* _AVAILABLE DATA_:
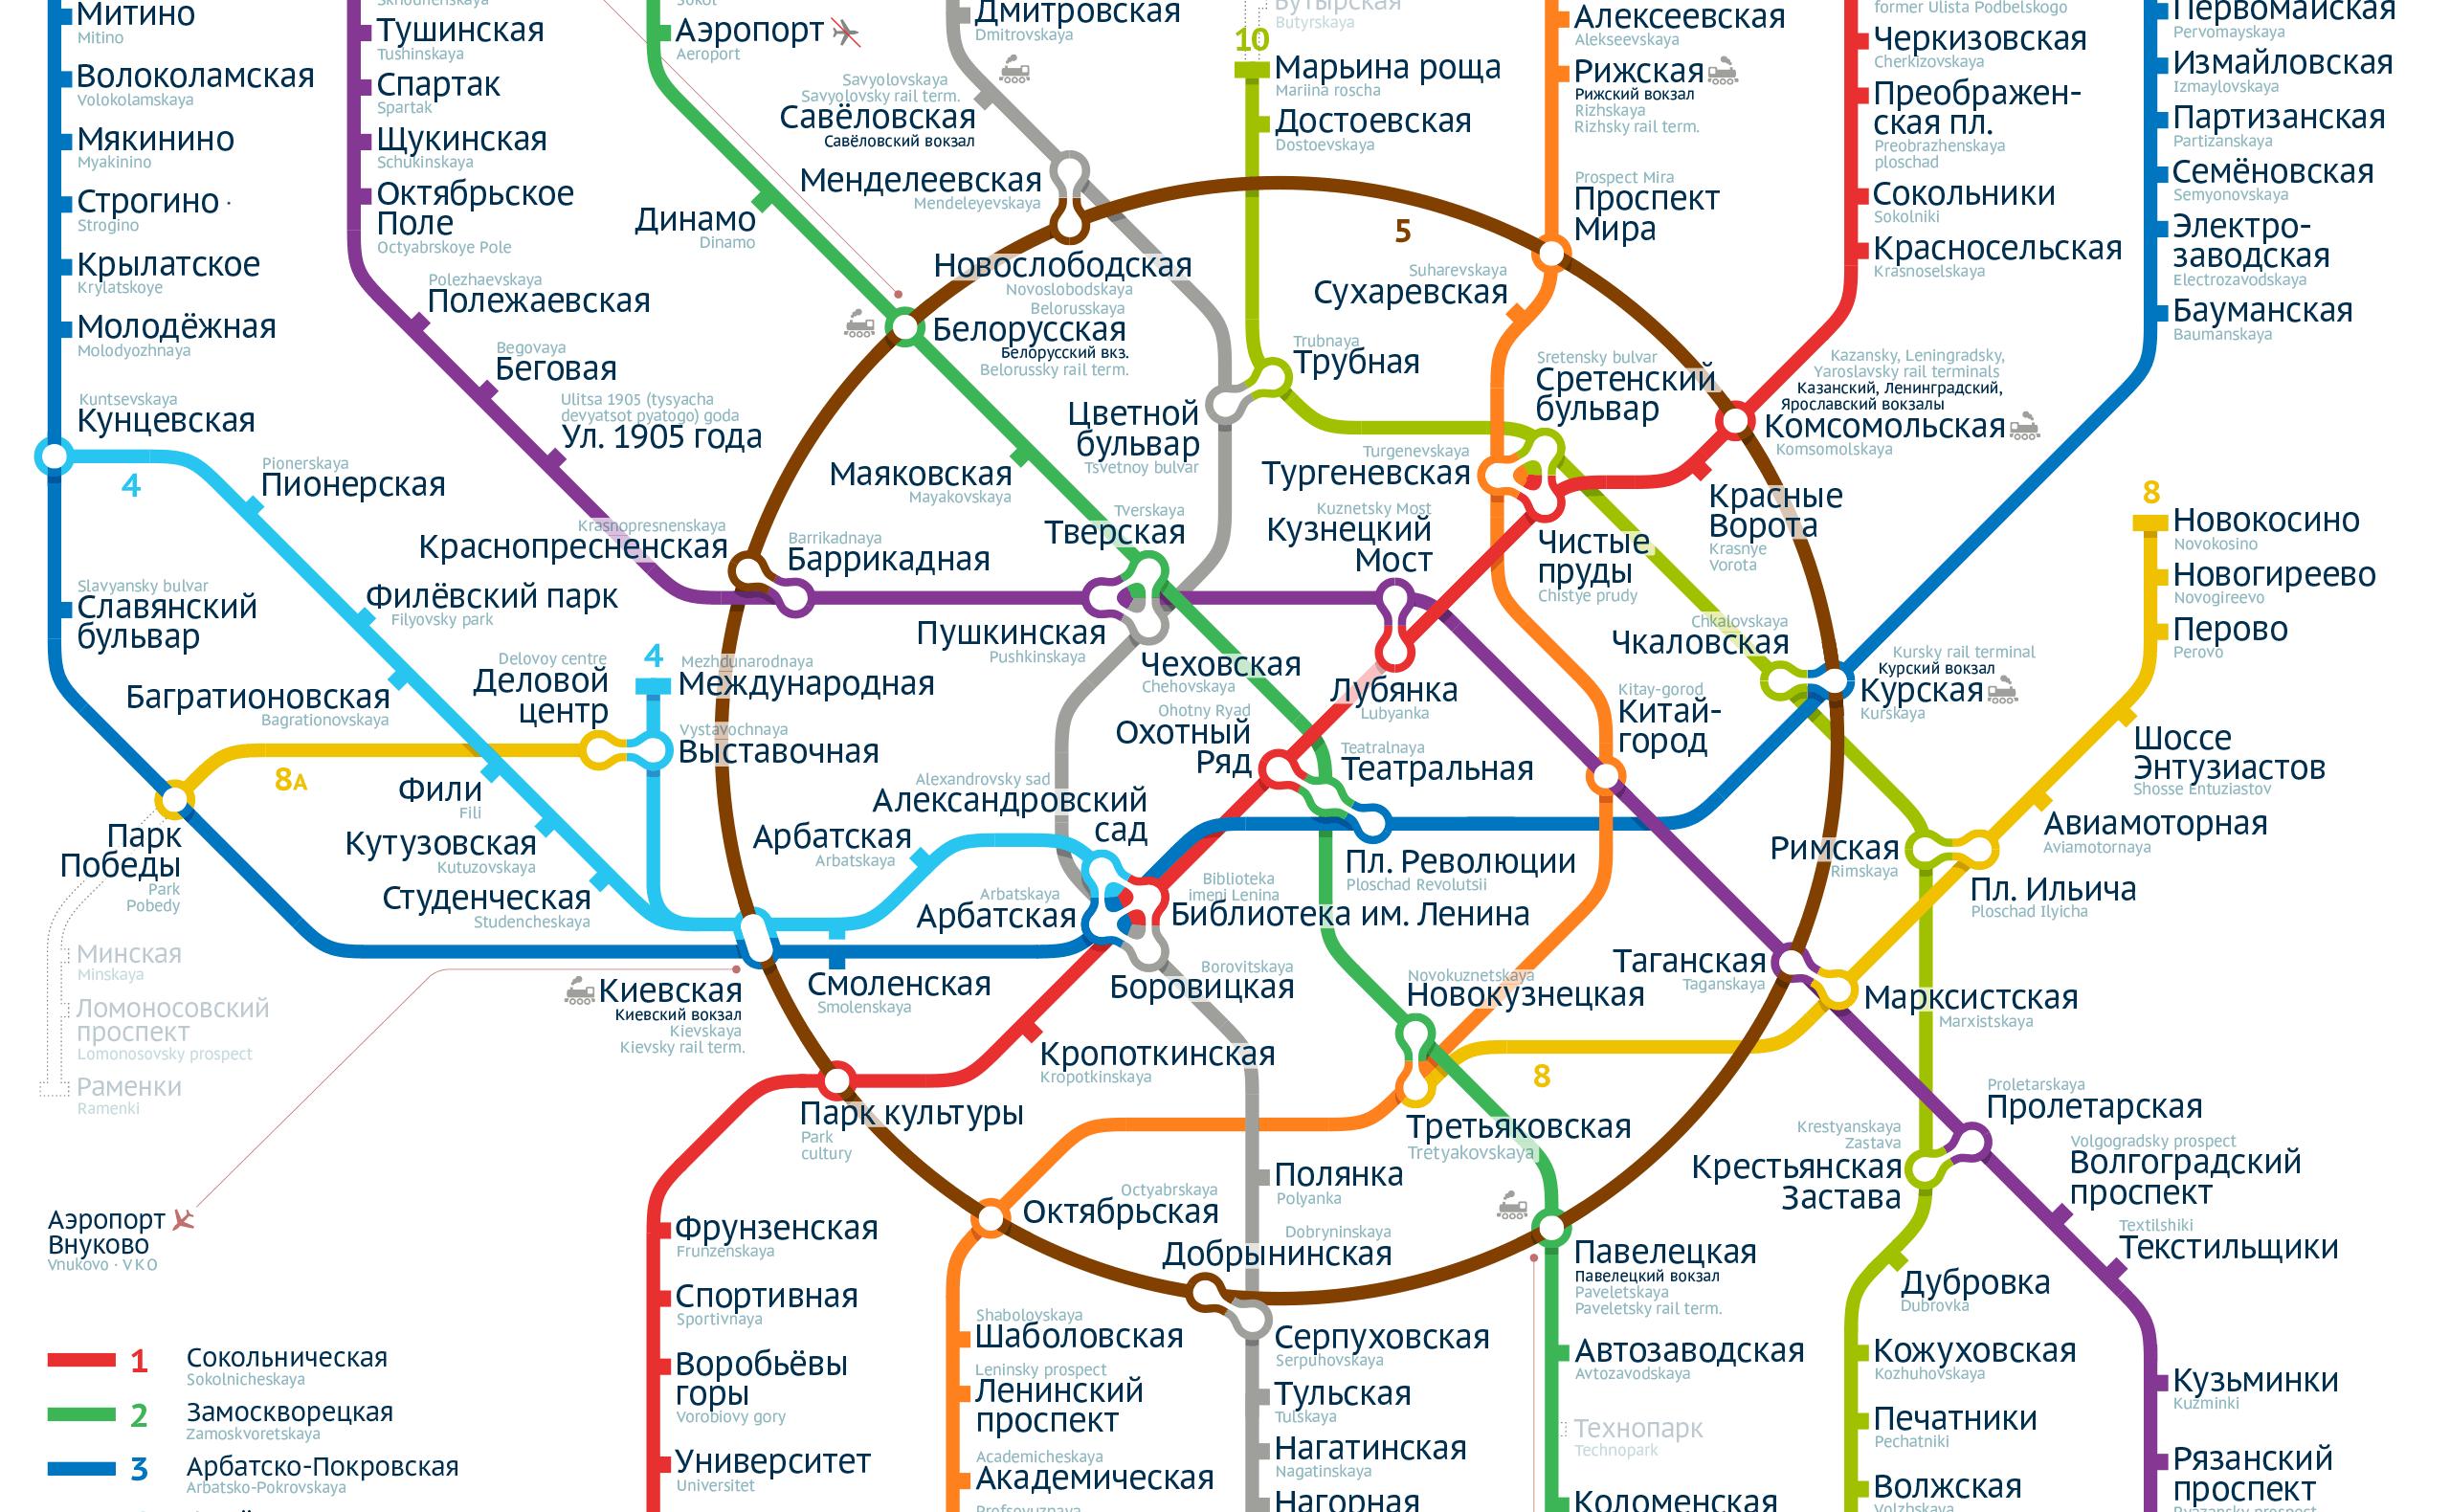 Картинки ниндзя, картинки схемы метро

...

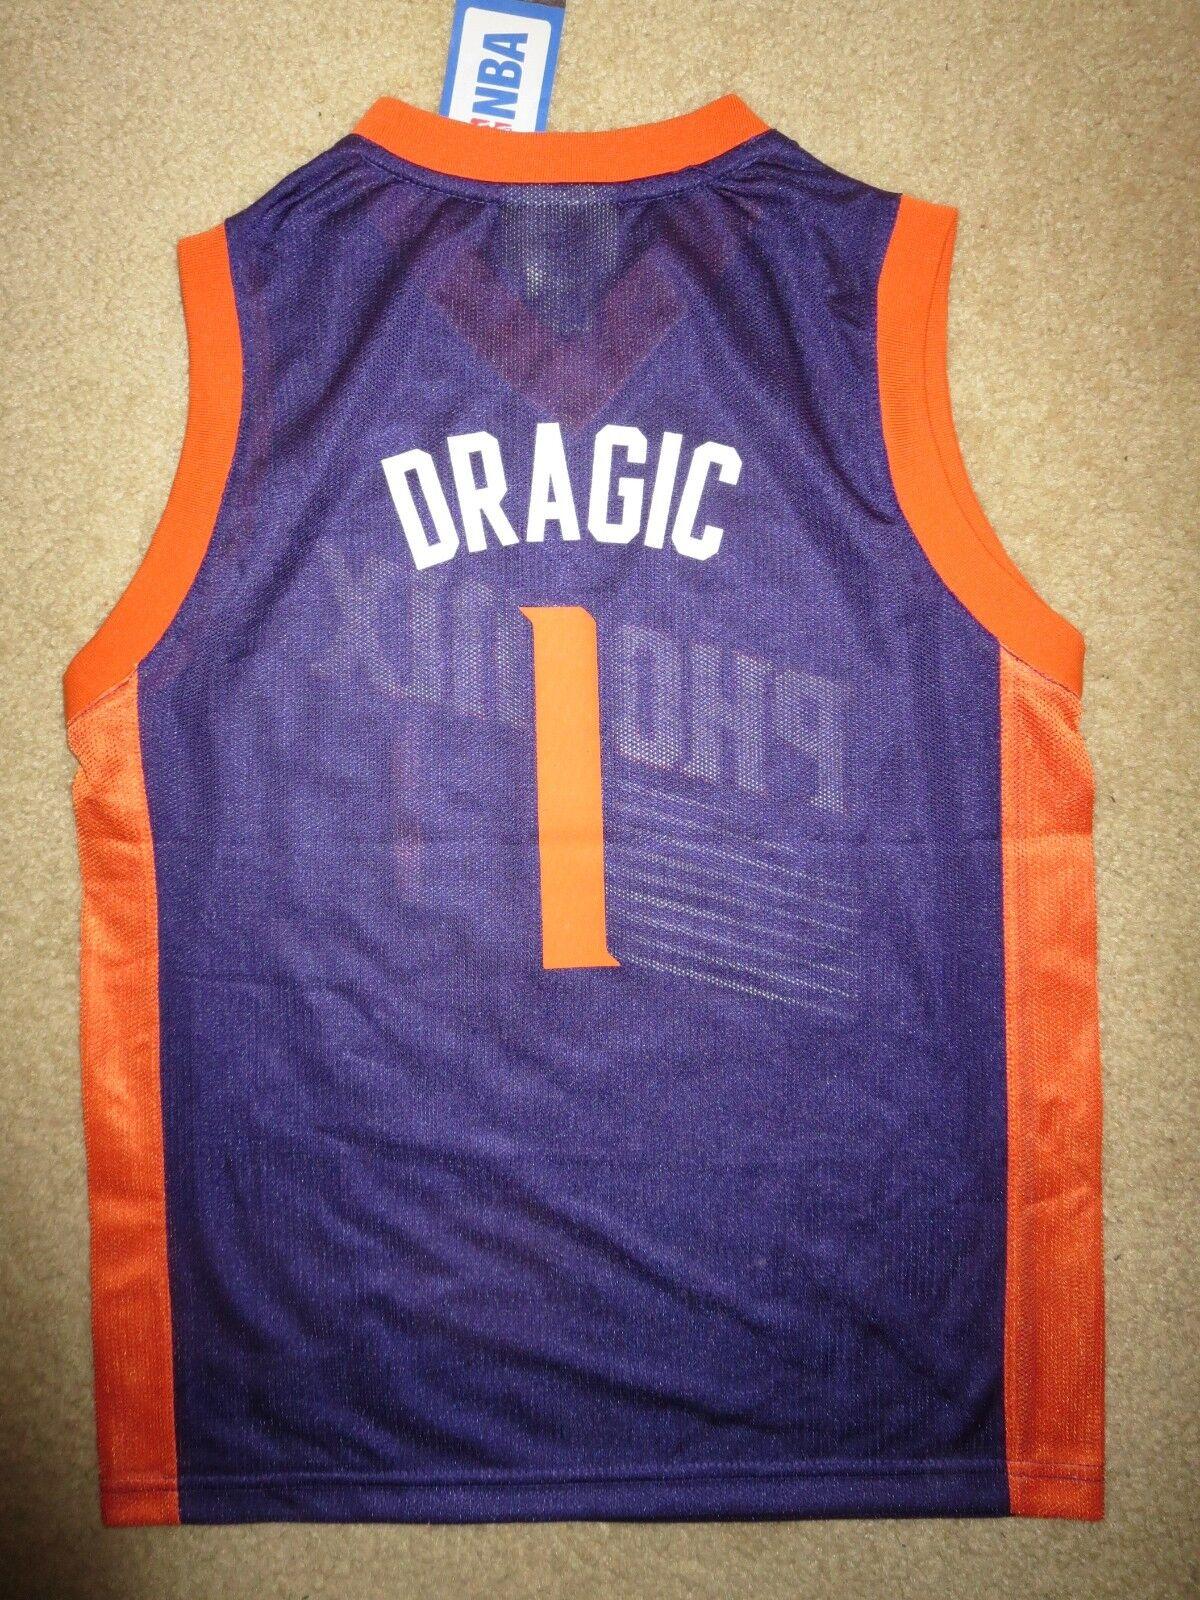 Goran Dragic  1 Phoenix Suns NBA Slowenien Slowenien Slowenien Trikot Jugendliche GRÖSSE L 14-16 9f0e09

---

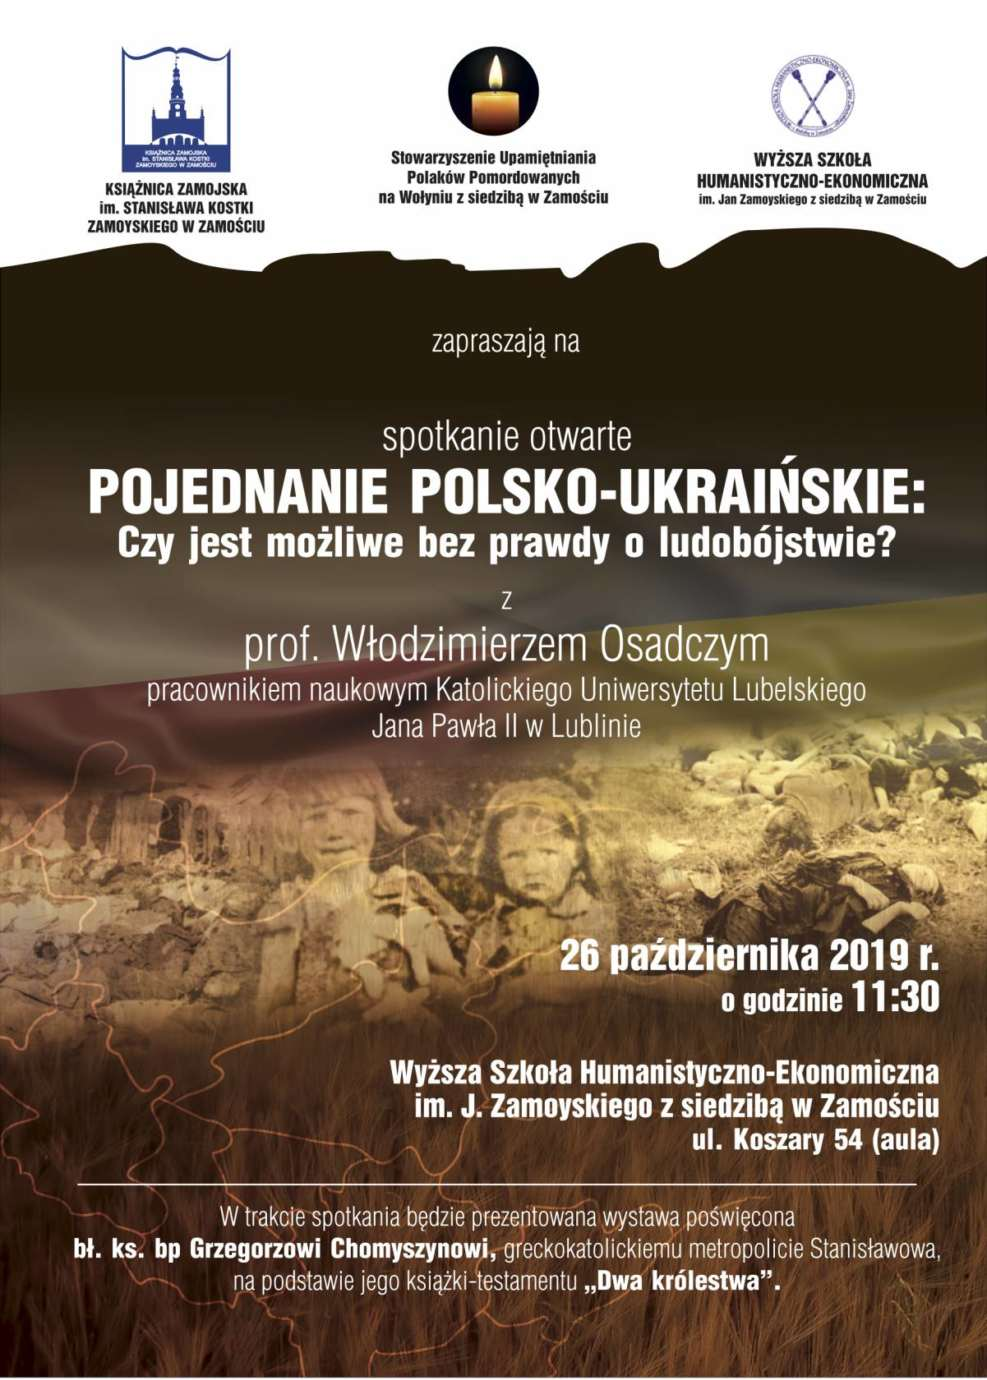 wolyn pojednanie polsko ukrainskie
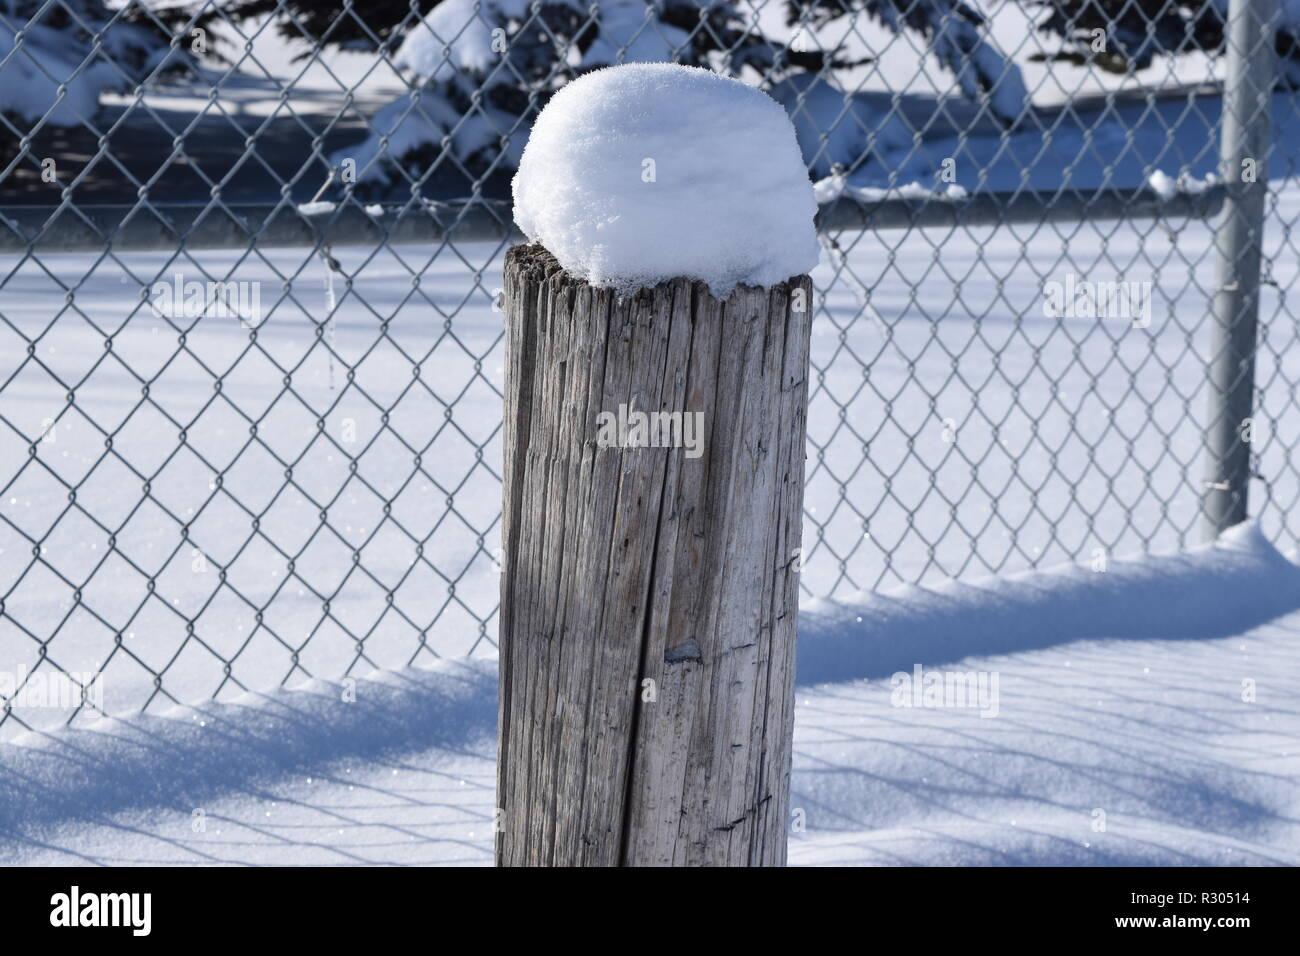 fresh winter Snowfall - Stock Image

* _DESCRIPTION OF THE TASK_: All pictures are to be skipped. Output, word for word, the lines in the data above starting at the line containing "wolyn pojednanie polsko ukrainskie" and ending at the line containing "fresh winter Snowfall - Stock Image".

* _WORKED SOLUTION_:
 wolyn pojednanie polsko ukrainskie
 fresh winter Snowfall - Stock Image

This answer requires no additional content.